Wayne was born at a very early age and has not died yet, which is something he considers to be a bit of an achievement.

He joined Freemasonry in 2006, went into the chair for the first time in 2011, and started giving talks across several Provinces in early 2017, before joining NWAMS as a speaker in 2021.

He Is an accidentally established Masonic author and has had articles published in several Masonic and non-Masonic periodicals.

by Wayne Pendragon Owens

I am an Author, Freemason, Rosicrucian, Blood Biker, Widows Son, CodeNinja, Spod, Hacker, Son, Uncle, Brother, Man, AN INDIVIDUAL!

15th July 2026

St Swithin’s day – 2026

St Swithin has always been one of those saints who feels less like a figure from a dusty manuscript and more like a quiet companion who walks beside us through the British summer. His day arrives every fifteenth of July, slipping into the calendar with a kind of gentle authority, and suddenly the weather feels as though it has stepped into an old story. The legend is simple, memorable and wonderfully dramatic. Whatever the sky chooses today it will keep choosing for forty days more.

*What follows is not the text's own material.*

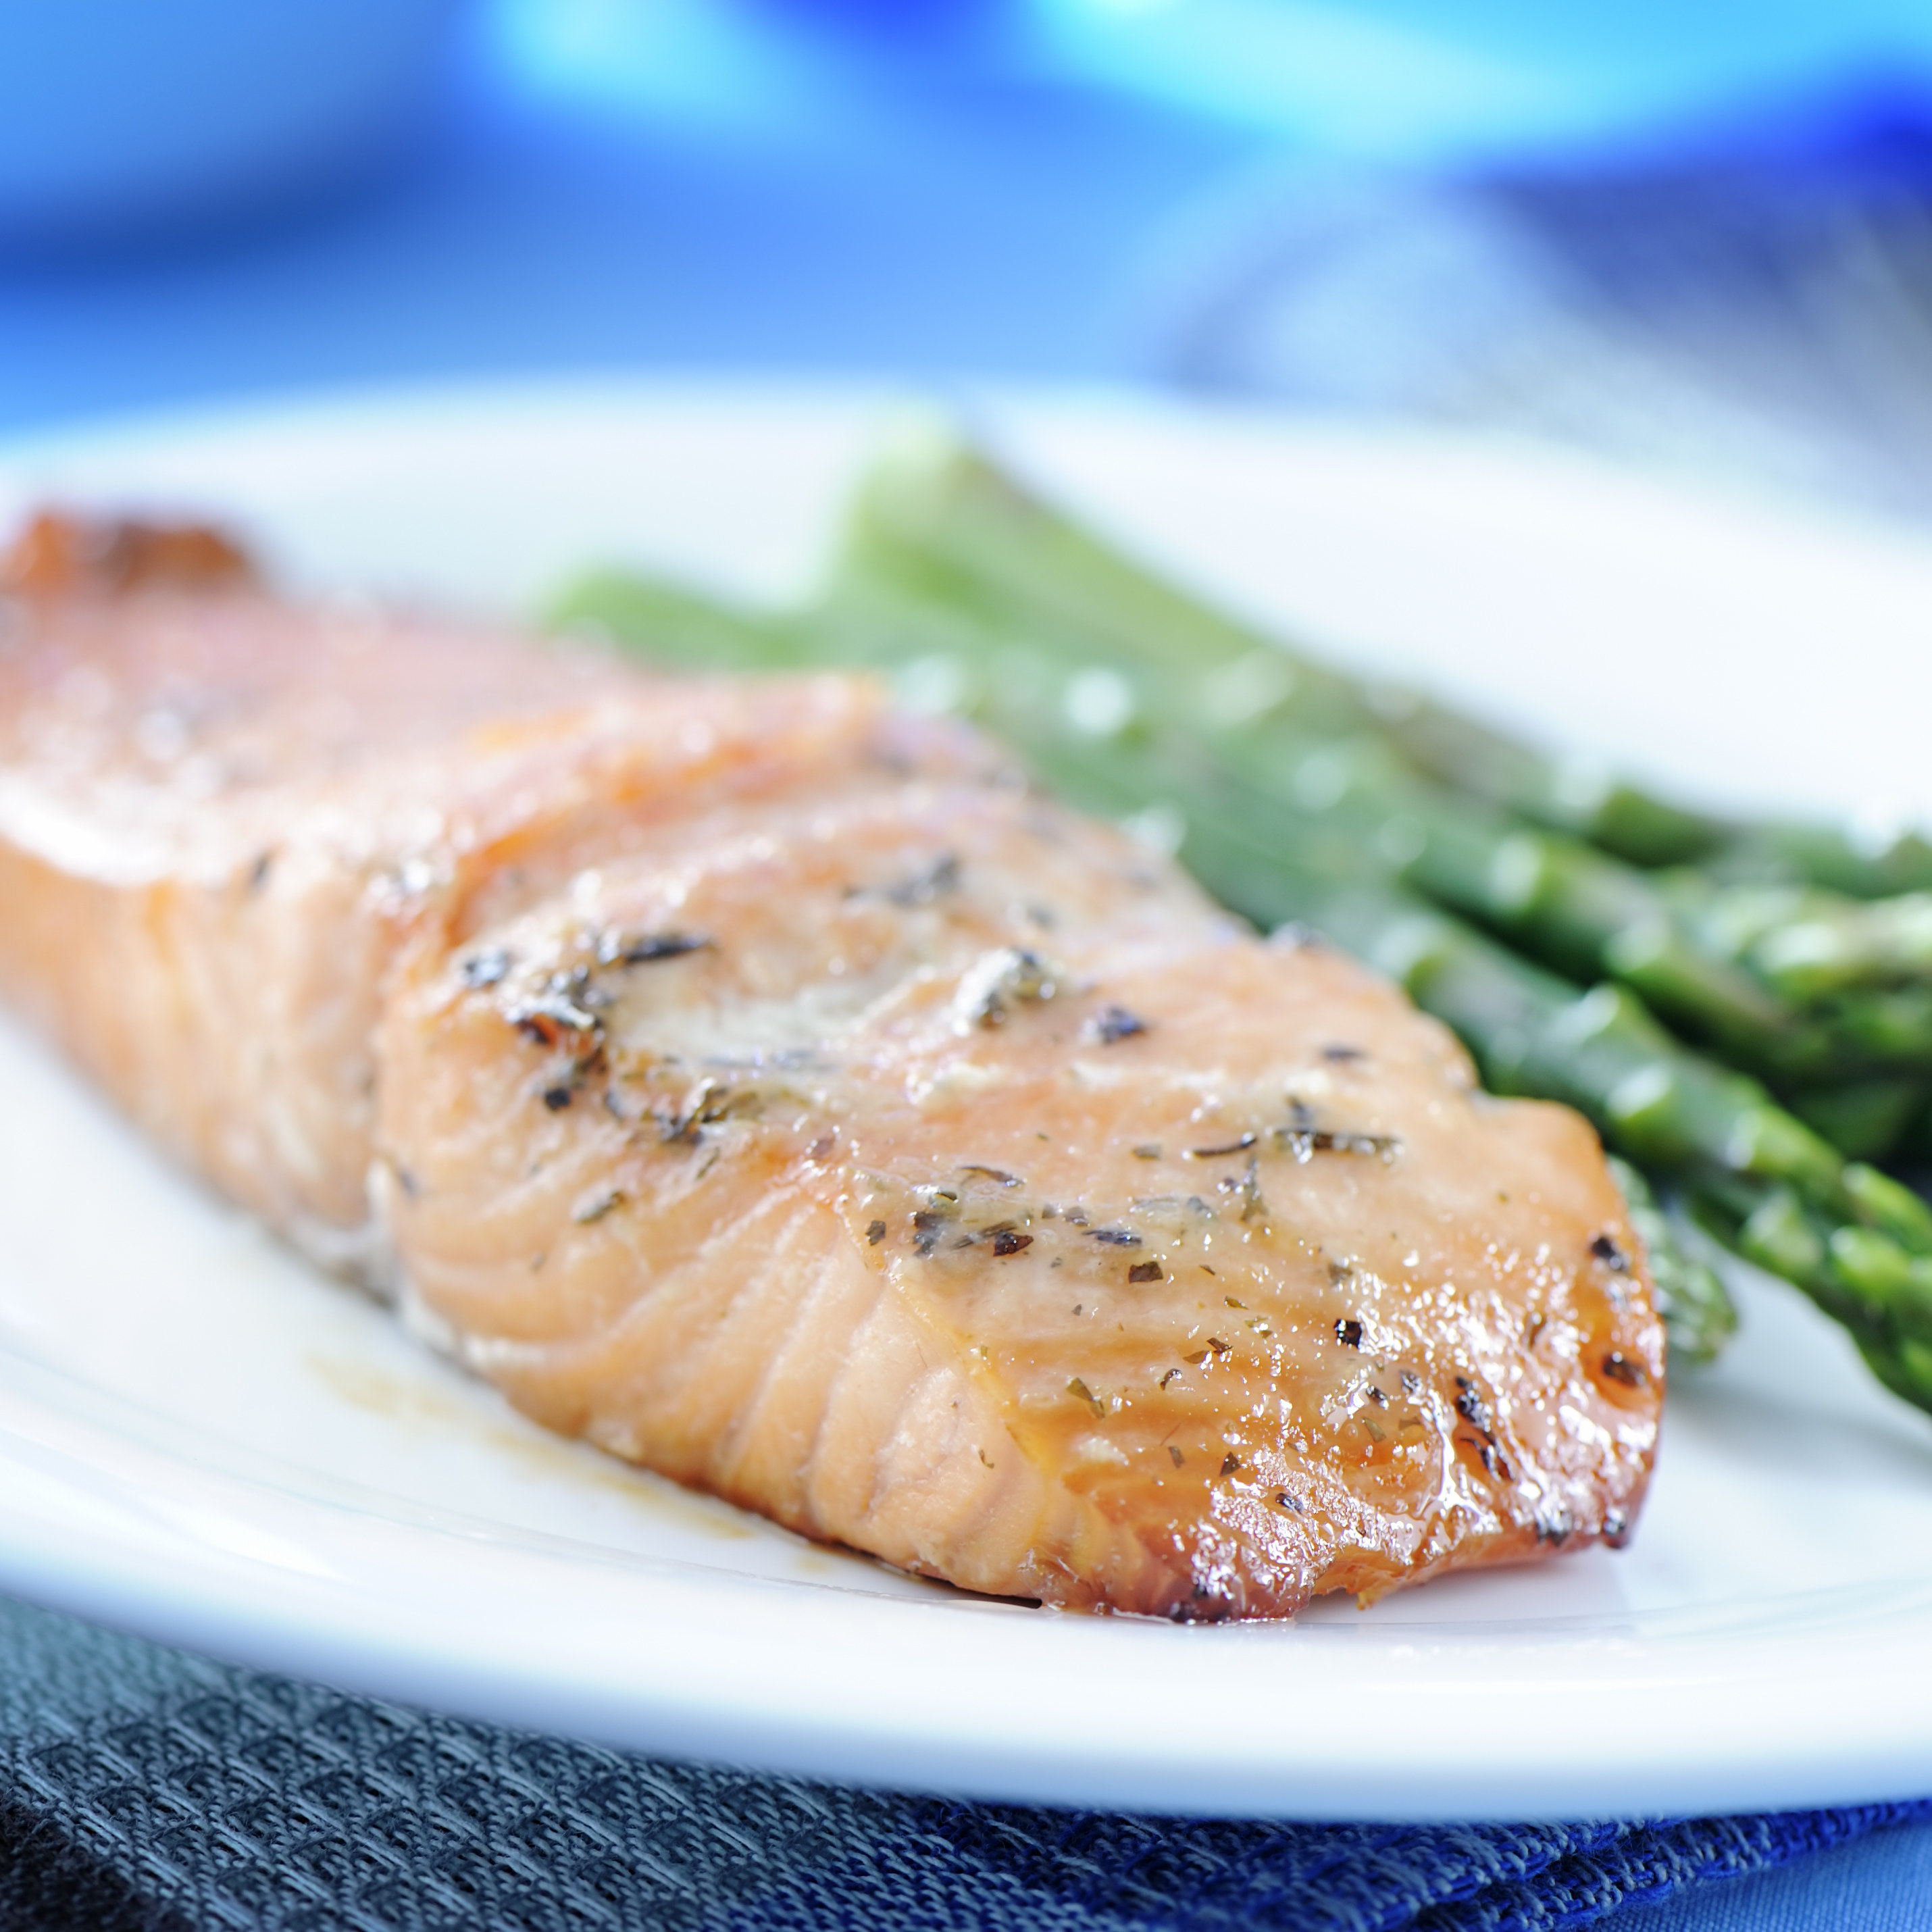 Baked salmon with asparagus in background.

The old rhyme still carries its charm:

St Swithin’s day, if thou dost rain,

For forty days it will remain.

St Swithin’s day, if thou be fair,

For forty days ’twill rain nae mair.

A neat little prophecy wrapped in four lines. A reminder that our ancestors watched the clouds with the same mixture of hope and dread that we do.

And today the sun is not merely fair. It is triumphant. It is hot, so very very hot. The kind of heat that makes the air wobble above the roads and the kind of heat that makes every Welsh hillside look as though it is glowing from within. You step outside and the world feels like a kiln. You step back inside and the world feels like a sauna. Even the shade seems to have given up and joined the sun in its mischief.

If the old rhyme holds true we are now standing at the doorway of forty more days of this blazing splendour. Forty days of shirts sticking to backs. Forty days of cold drinks vanishing faster than you can pour them. Forty days of dogs lying on cool floors with expressions that say they blame us personally for the weather. There is something delightful about it though. Something mythic. As if the land has decided to remind us that folklore is not dead. It is alive and warm and occasionally scorching.

St Swithin’s Day always feels like a moment when the past taps us on the shoulder. Today it has done so with a sunbeam that feels more like a spotlight. We are living inside a story and the story is glowing.

Now, in the spirit of survival and sanity, does anyone know of any good ice cream machines?